■ **What you will do**
Once you find the line with "On-call courier service" in the entries below, print it and each line after it up to and including the line with "Arthur Black OUTERWEAR", exactly, without pictures.

■ **Stored data**
Content starts

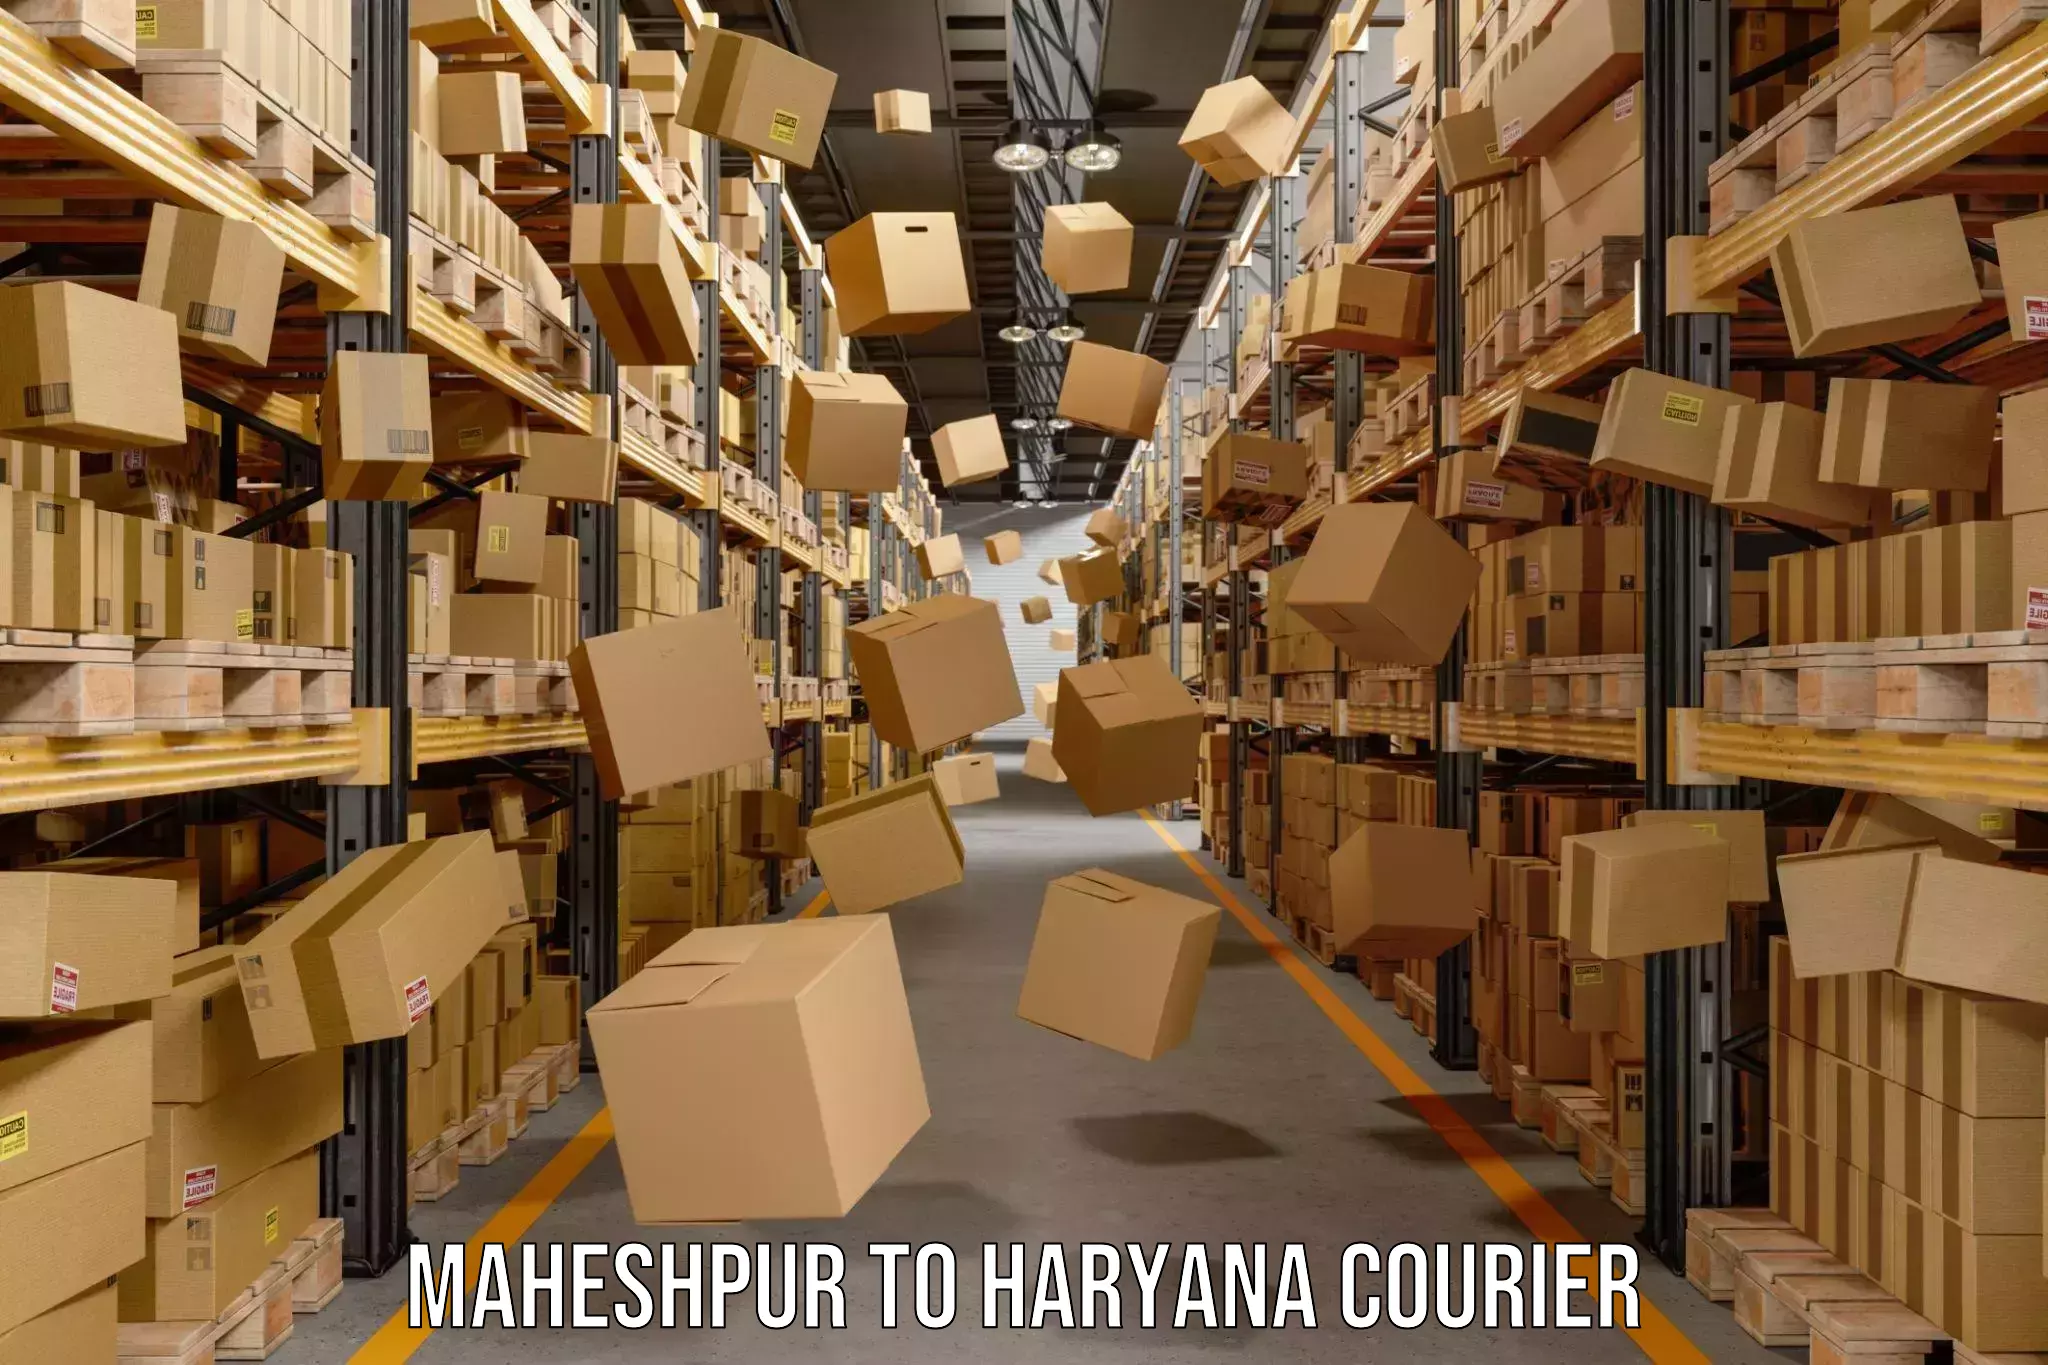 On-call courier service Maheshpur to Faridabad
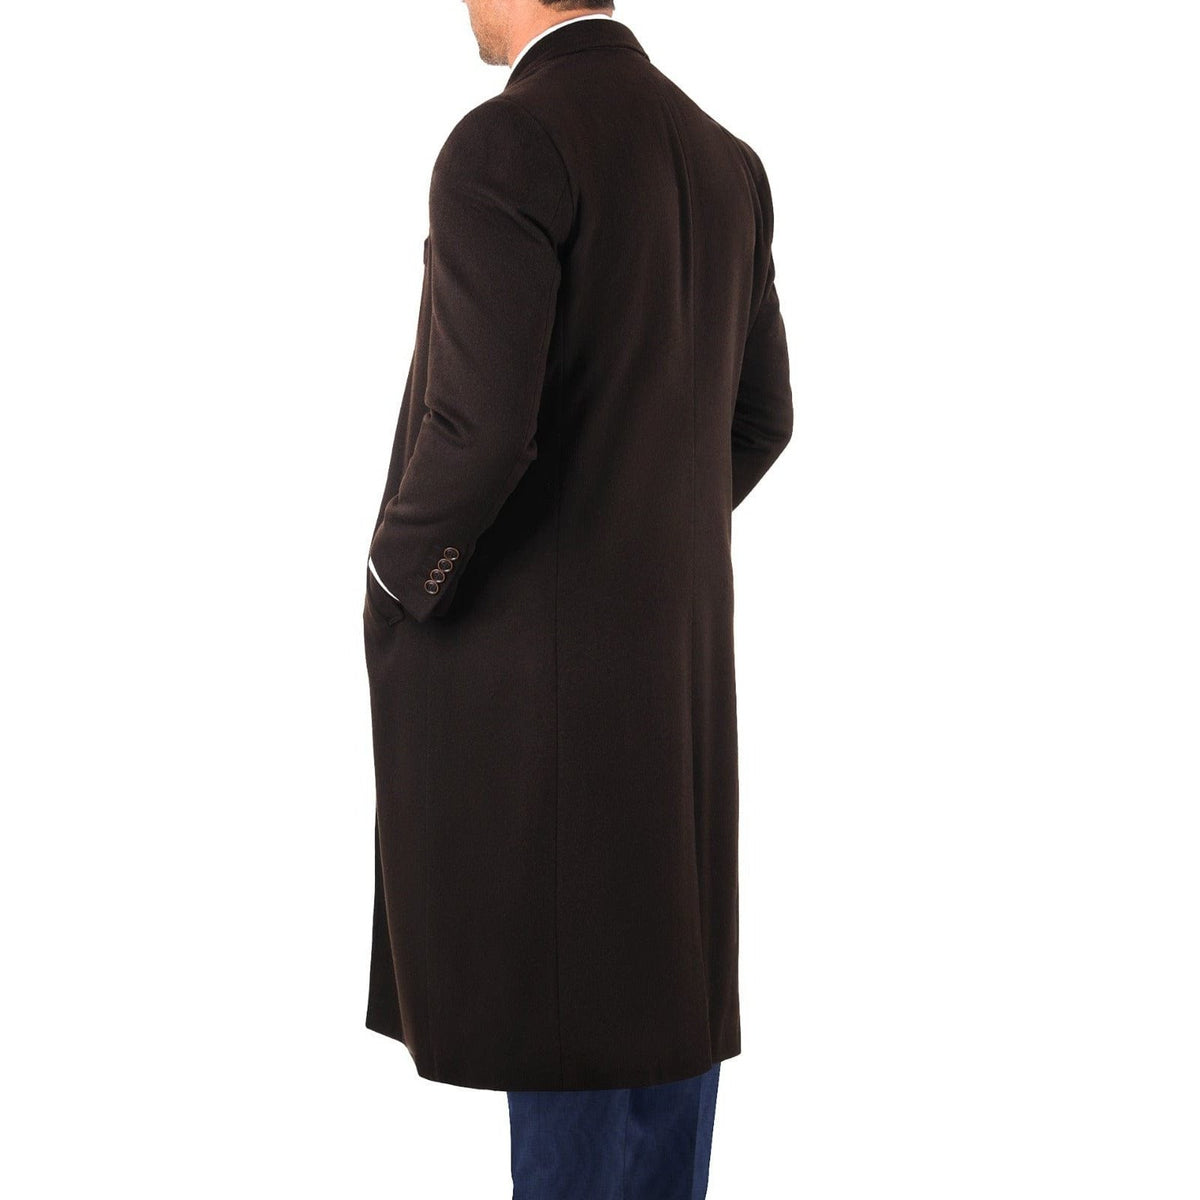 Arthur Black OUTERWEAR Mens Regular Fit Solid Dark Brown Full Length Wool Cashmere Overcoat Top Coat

Content ends
Content starts

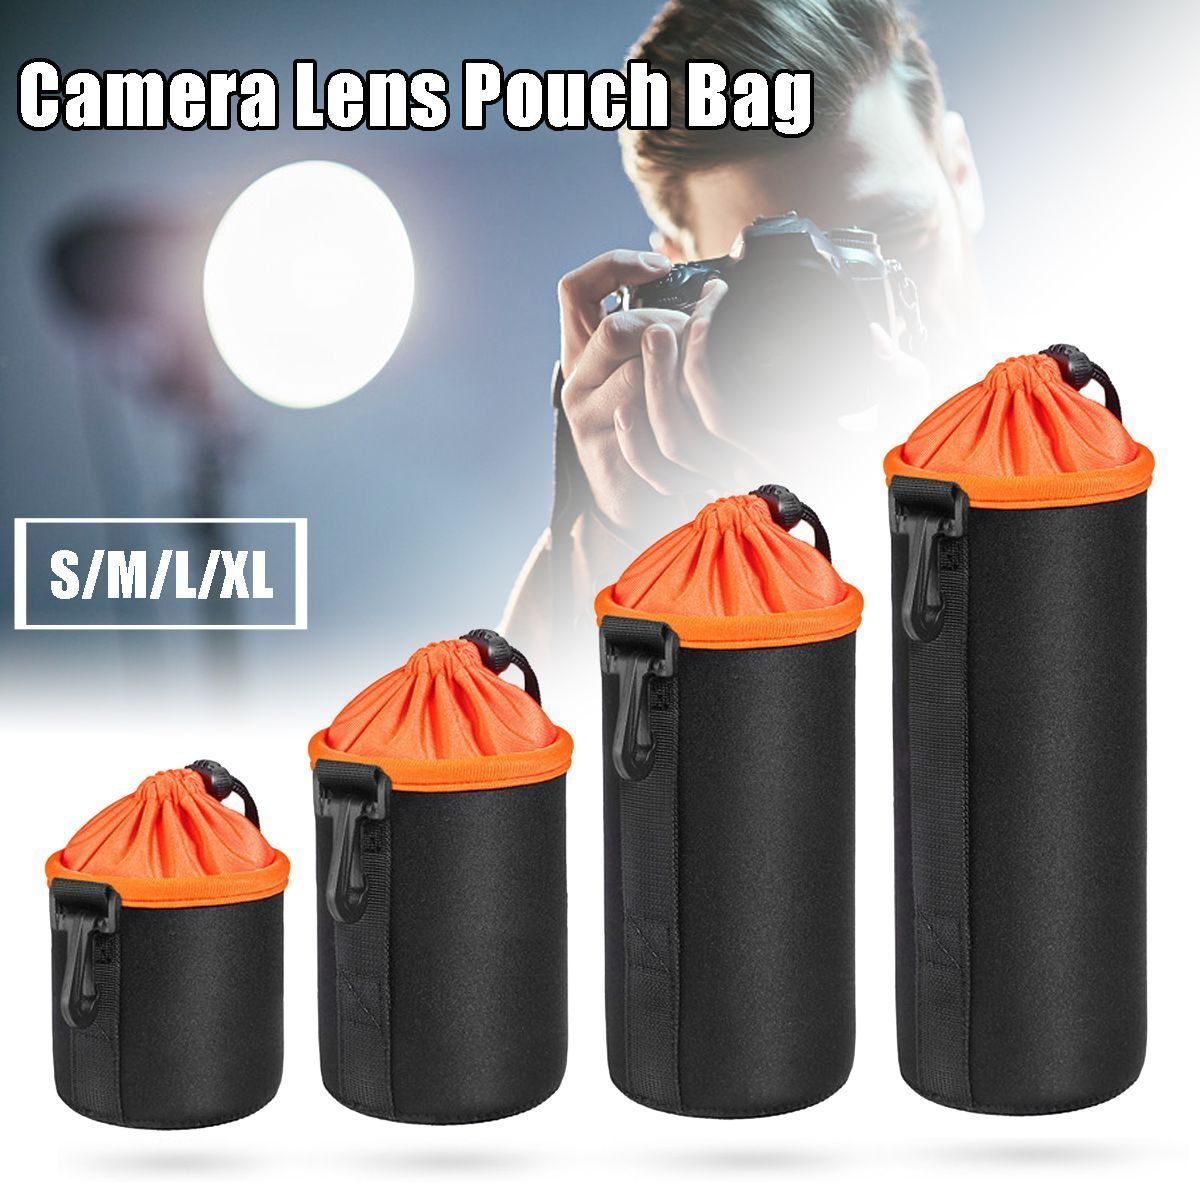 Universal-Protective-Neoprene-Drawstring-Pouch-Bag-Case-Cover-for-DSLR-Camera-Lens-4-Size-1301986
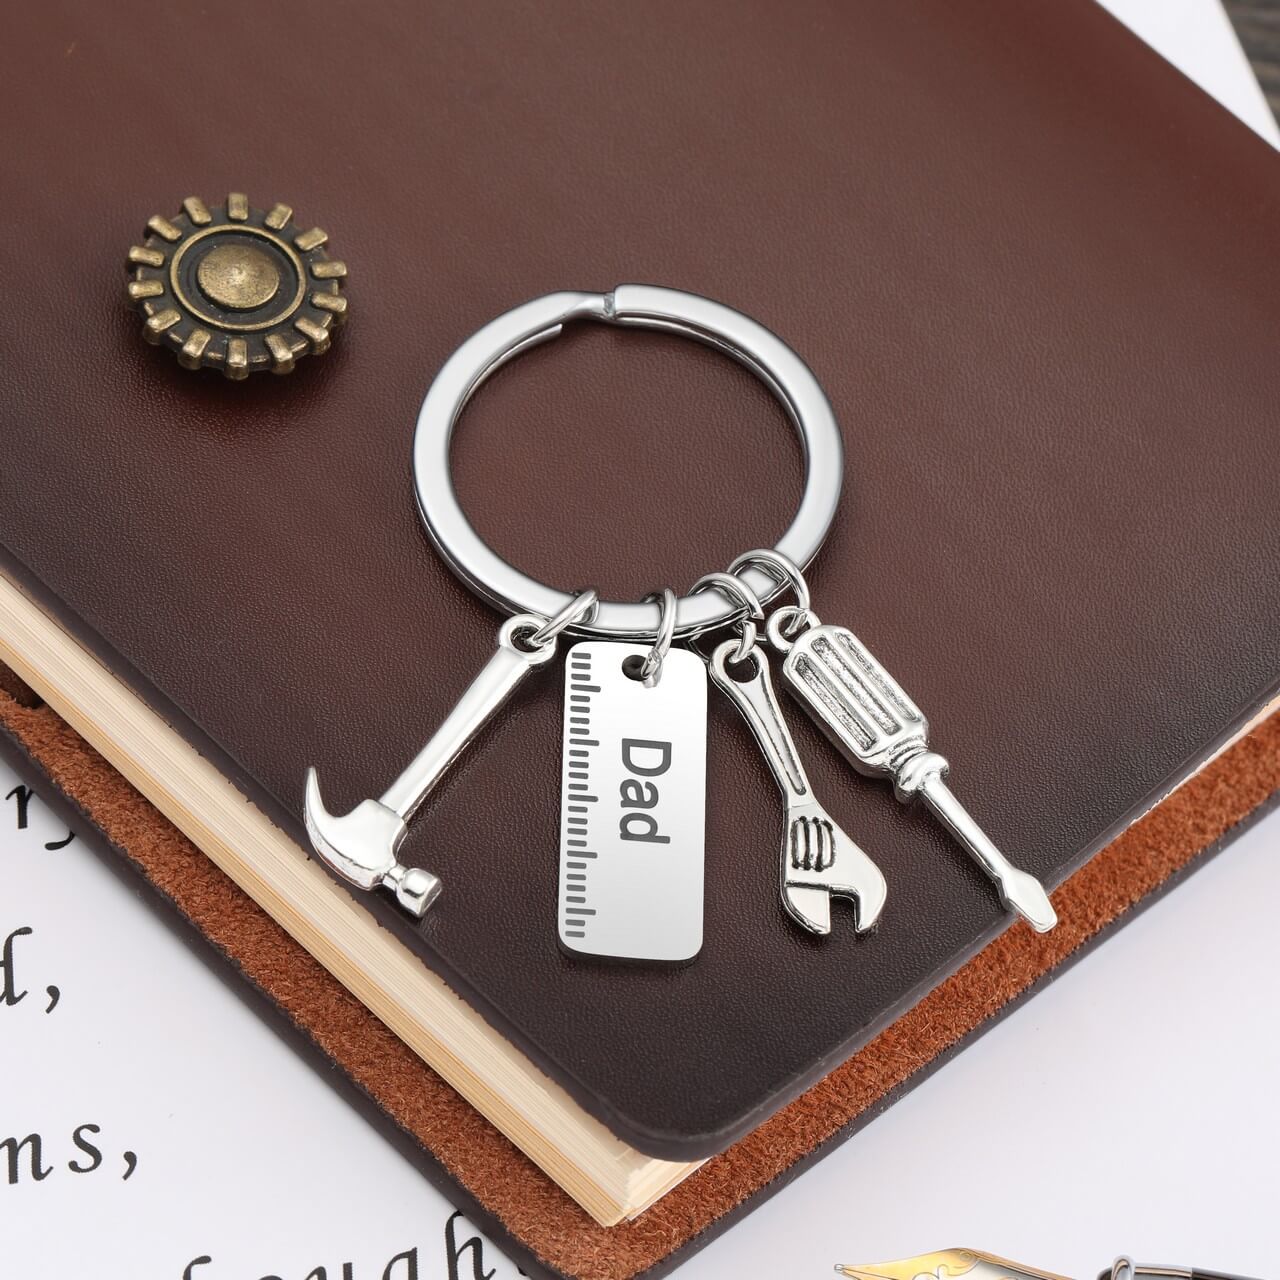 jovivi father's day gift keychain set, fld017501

Content ends

■ **Answer to this exercise**
 On-call courier service Maheshpur to Faridabad
 Arthur Black OUTERWEAR Mens Regular Fit Solid Dark Brown Full Length Wool Cashmere Overcoat Top Coat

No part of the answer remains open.